The intersection of development and design.

Transferable ImageData

Transferable ImageData

In a previous post, I covered sending ImageData from a canvas element, to a Web Worker. This allows for threaded image processing without impacting rendering performance of the browser ... mostly.

By Value

There is still a performance hit, af around 20 milliseconds in my very informal testing. This has to do with how data is passed from the main page to the worker - effectively by value. This means that a complete copy of the data is made. This may be fine when dealing with smaller datasets, but when a 640x480 image has 307,200 pixels, it takes a bit more processing.

By Reference

Shortly after workers were introduced, the concept of transferable objects was introduced. The cited work does a good job of introducing the technical reasoning and function. Effectively, when passed as a transferable object (versus structured clone), the reference to the place in memory where the object resides is being handed off to the receiving thread.

Note the side effect that the object being transfered is no longer available to the main page.

Sending ImageData

In order to be transferable, the object being passed to the worker must be ArrayBuffer, MessagePort, or ImageBitmap. MessagePort does not really help us in the case of working on the raw image data. ImageBitmap would be great, but still lacks consistent support (Nov 2018). This leaves us with ArrayBuffer.

Using into the code from the previous post in this series, we are going to look at the process() method. Originally, using ImageData, and passing by value, it looked like the following snippet of code.

process() {
this.input.context.drawImage( this.video, 0, 0 );

const pixels = this.input.context.getImageData(
this.input.canvas.clientWidth / 2,
0,
this.input.canvas.clientWidth / 2,
this.input.canvas.clientHeight
);

this.worker.postMessage( pixels );
}

The ImageData object has a data property which is of Uint8ClampedArray type. The data property, or Uint8ClampedArray instance, has a buffer property on it that results in an ArrayBuffer. And since ArrayBuffer is transferable, we are in business. Our process method updated for passing by reference, look as follows.

process() {
this.input.context.drawImage( this.video, 0, 0 );

const pixels = this.input.context.getImageData(
this.input.canvas.clientWidth / 2,
0,
this.input.canvas.clientWidth / 2,
this.input.canvas.clientHeight
);

this.worker.postMessage( {
pixels: pixels.data.buffer,
width: this.input.canvas.clientWidth / 2,
height: this.input.canvas.clientHeight,
channels: 4
}, [pixels.data.buffer] );
}

Since we will be passing an ArrayBuffer, we will lose some of the information about the ImageData along the way. Specifically, the width and height properties which will be needed on the worker side to reconstruct the ImageData object from the ArrayBuffer. To remedy this problem, we pass an Object instance with the width and height properties - and of course the pixels.

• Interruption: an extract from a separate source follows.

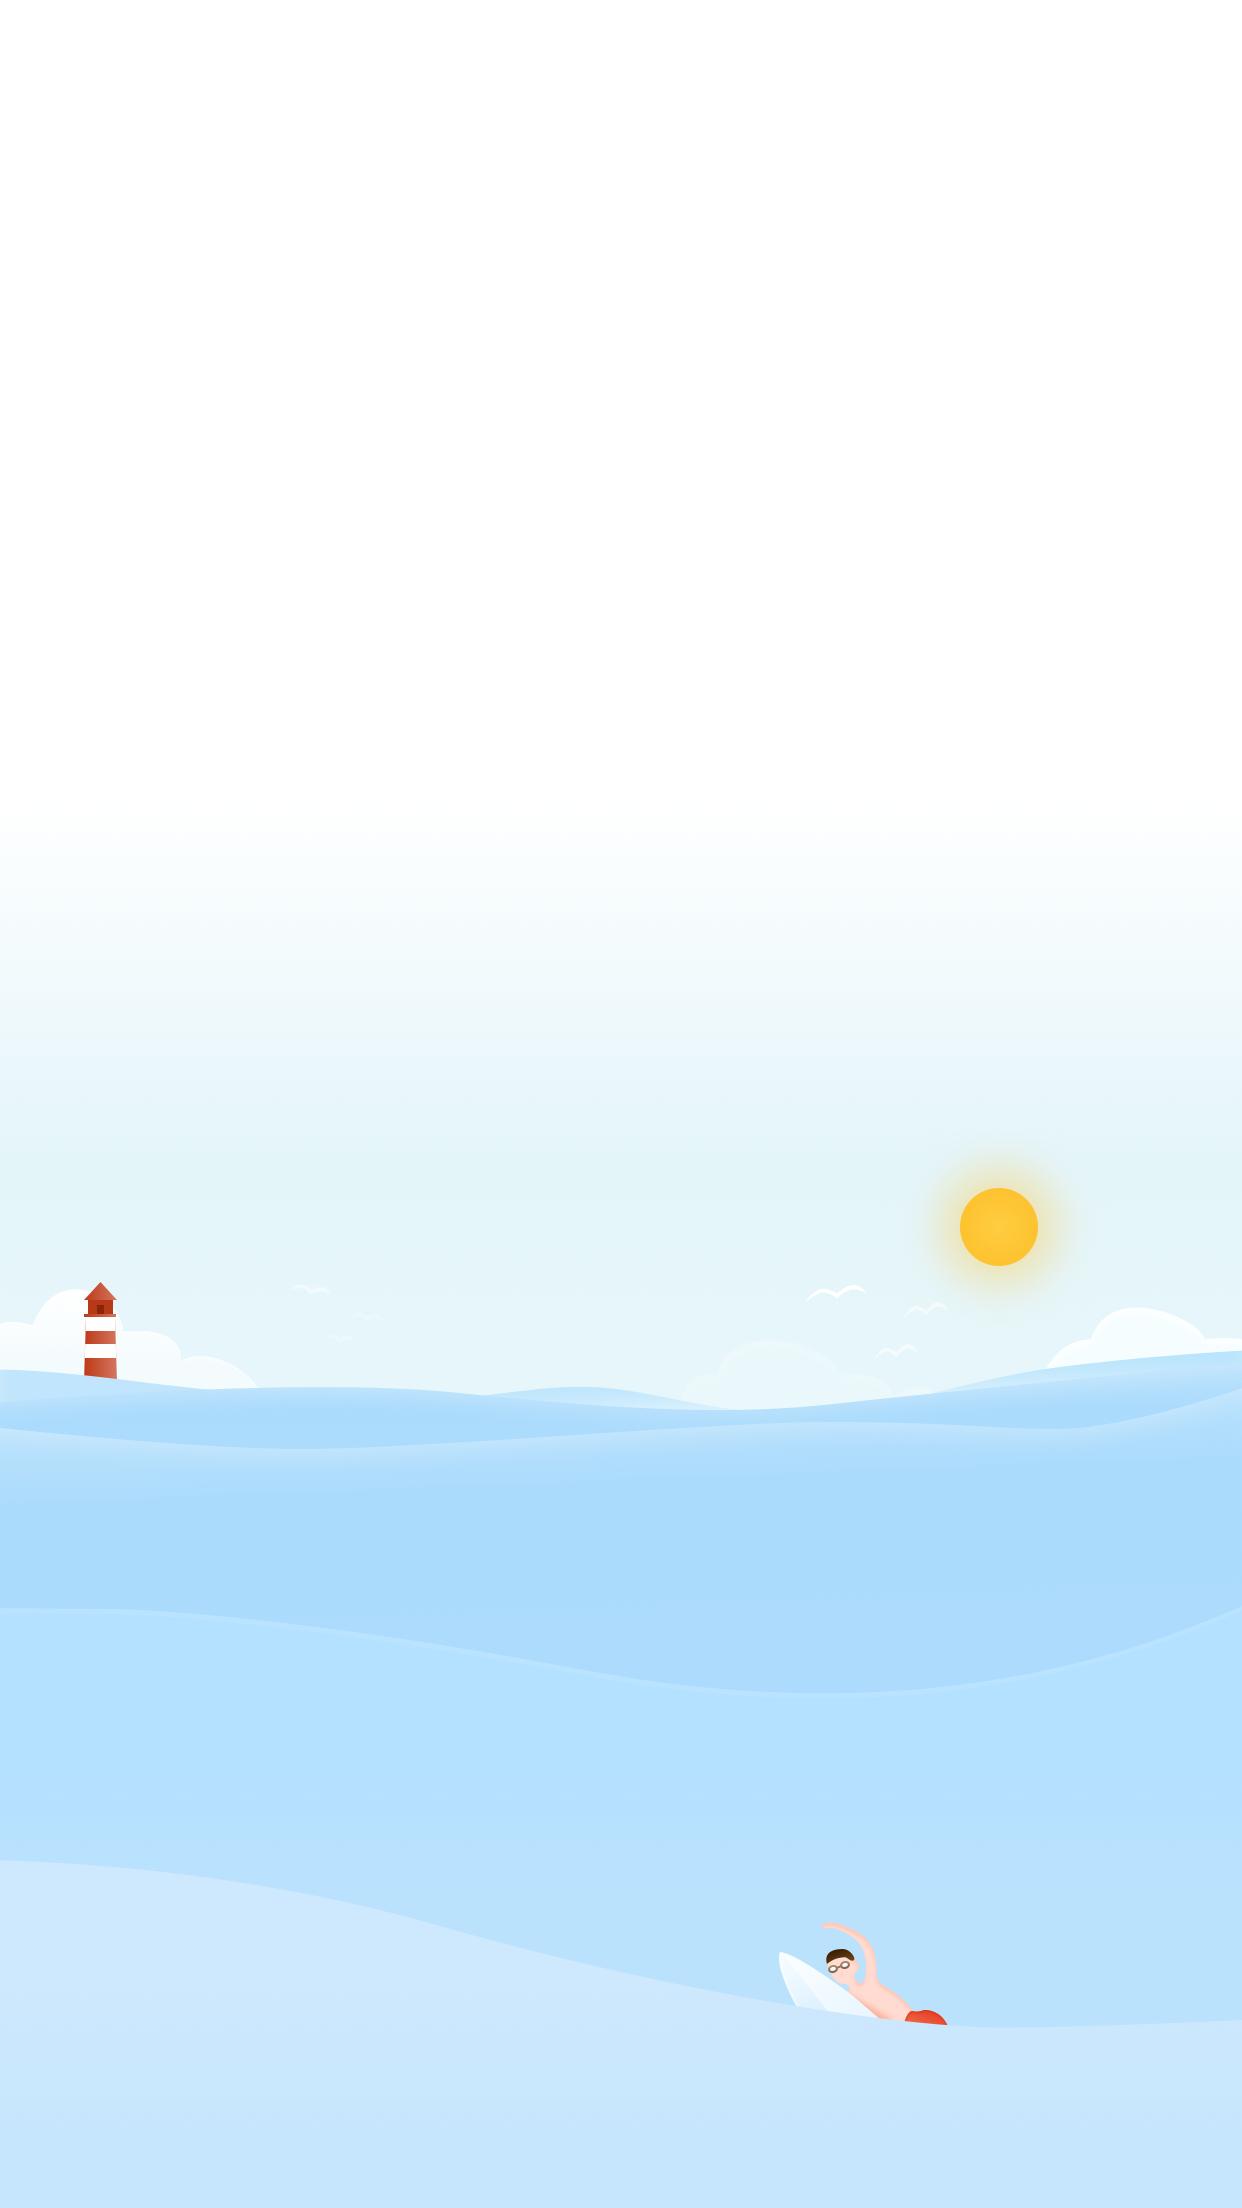 查看《ZUI 日历插图 Sketch源文件》原图,原图尺寸:1242x2208

In order to mark the pixels as transferable, we pass an additional argument to the Worker.postMessage() method that indicates the data we want to send. Note that this is an array, and that you can provide many different bits of data as needed. Also keep in mind that once the data is sent to the worker, it is no longer available to the sending thread. This is still an ideal setup for image processing, as we want something entirely different back in most cases.

Receiving ImageData

The call to postMessage() looks the same wether you are sending ImageData pixels to a worker, or back from a worker to the main thread. Effectively pixels.data.buffer with enough additional information to handle reconstructing the ImageData object. On either side of the call, the next challenge is in getting the ImageData back from the ArrayBuffer instance.

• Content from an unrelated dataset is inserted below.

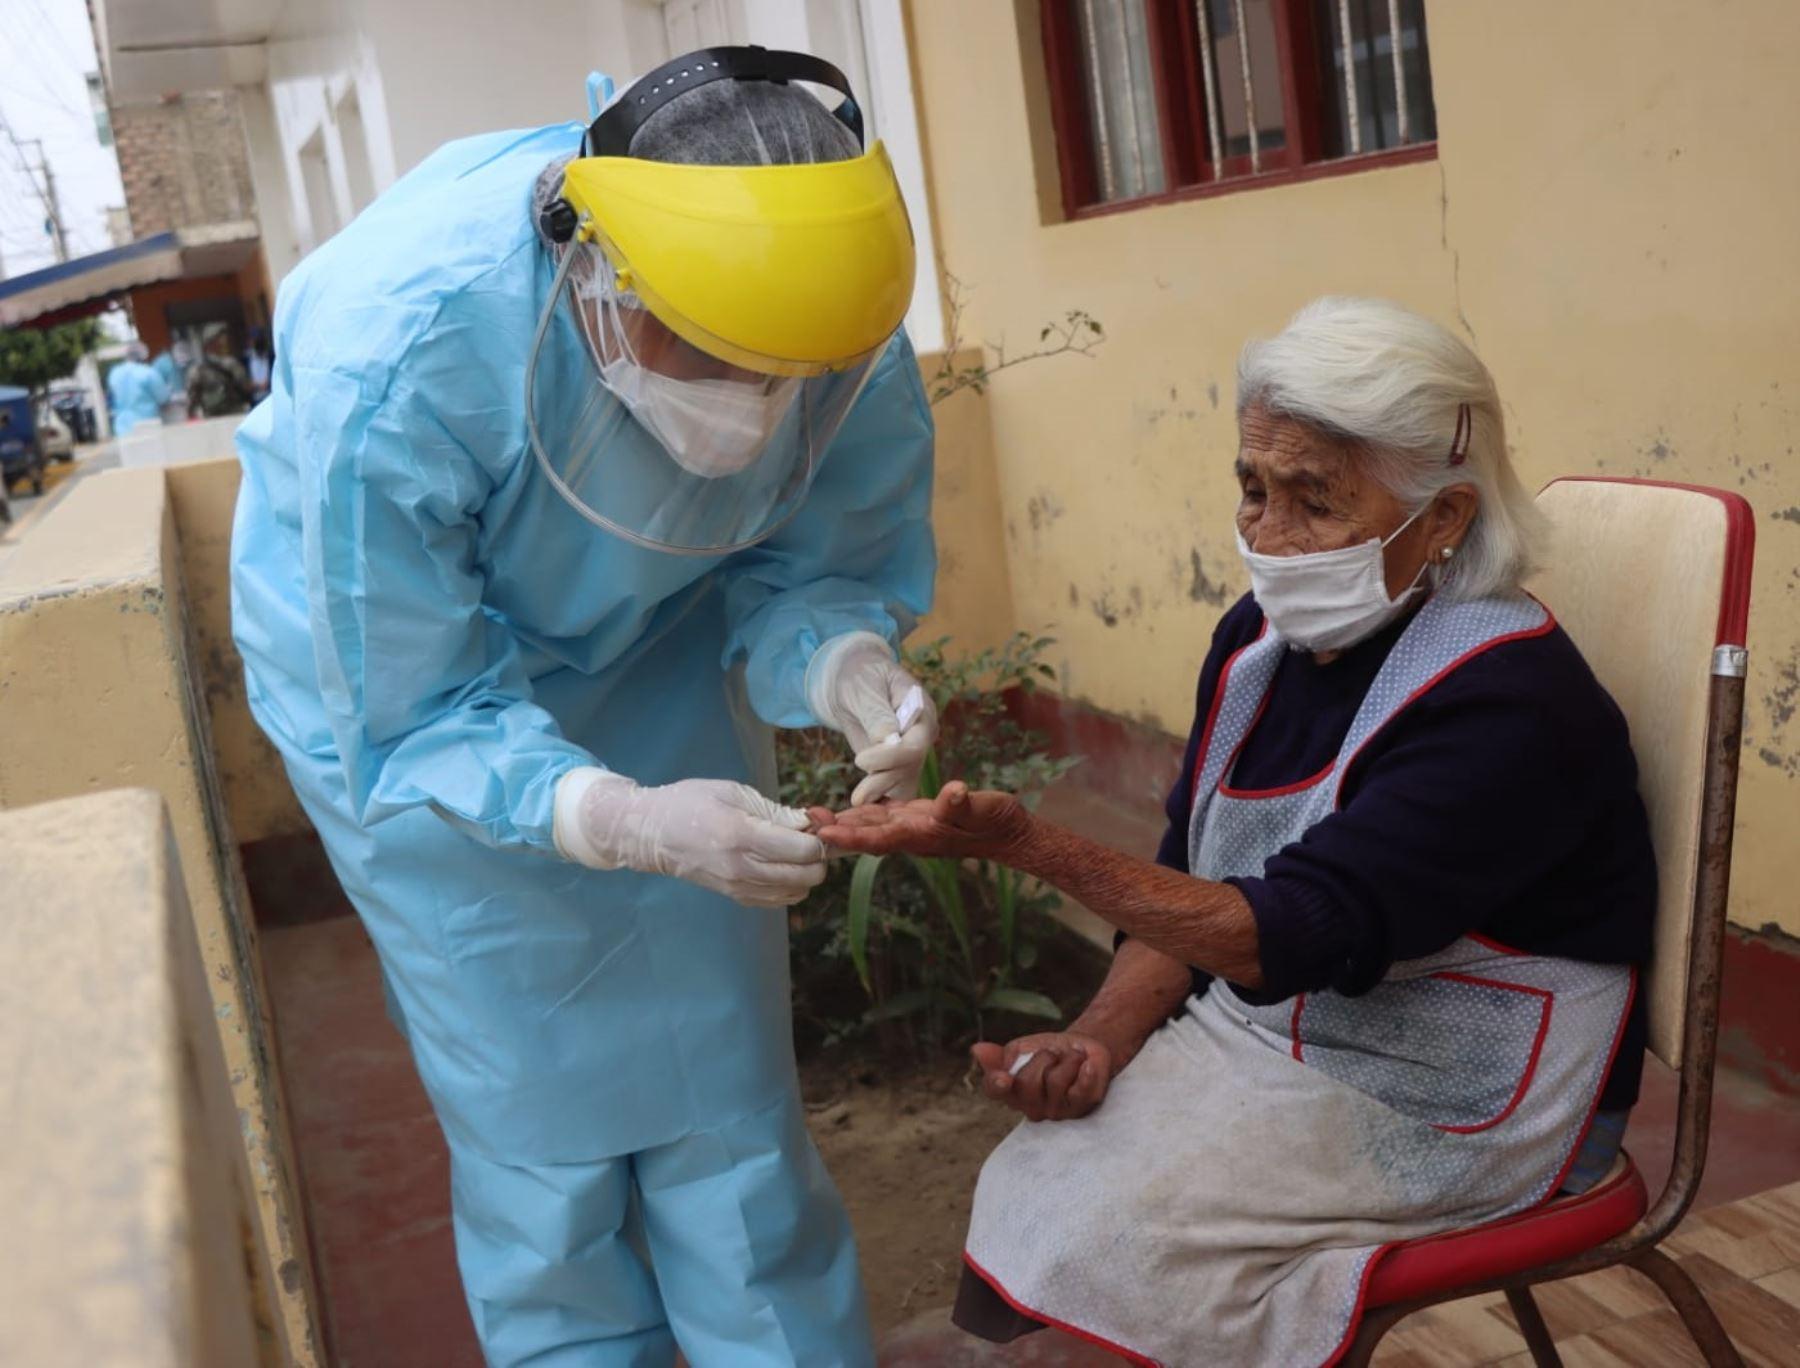 Áncash se prepara para vacunar contra la covid-19 a más de 70,000 adultos mayores. Jornada se desarrollará en las principales ciudades de dicha región. ANDINA/Difusión

let pixels = new ImageData( 
new Uint8ClampedArray( evt.data.pixels ),
evt.data.width,
evt.data.height
);

The ImageData class has two constructors. The first takes a width and height, and creates a black retangle. The second takes an Uint8ClampedArray, width, and height. The Uint8ClampedArray has four different constructors, one of which takes an ArrayBuffer. Since we passed in an ArrayBuffer (by reference), we can use that to create the Uint8ClampedArray as needed by the ImageData, in addition to the width and height properties we passed along.

The Results

From an image processing perspective, we are back in business, now with an extra 10 milliseconds. That right, this techniques cut an already pretty light 20 milliseconds in half (50%). The impact on frame rate is still beyond the human eye, but this leaves 10 milliseconds for us to perform other image processing. I will start leaning into those specifics in my next post.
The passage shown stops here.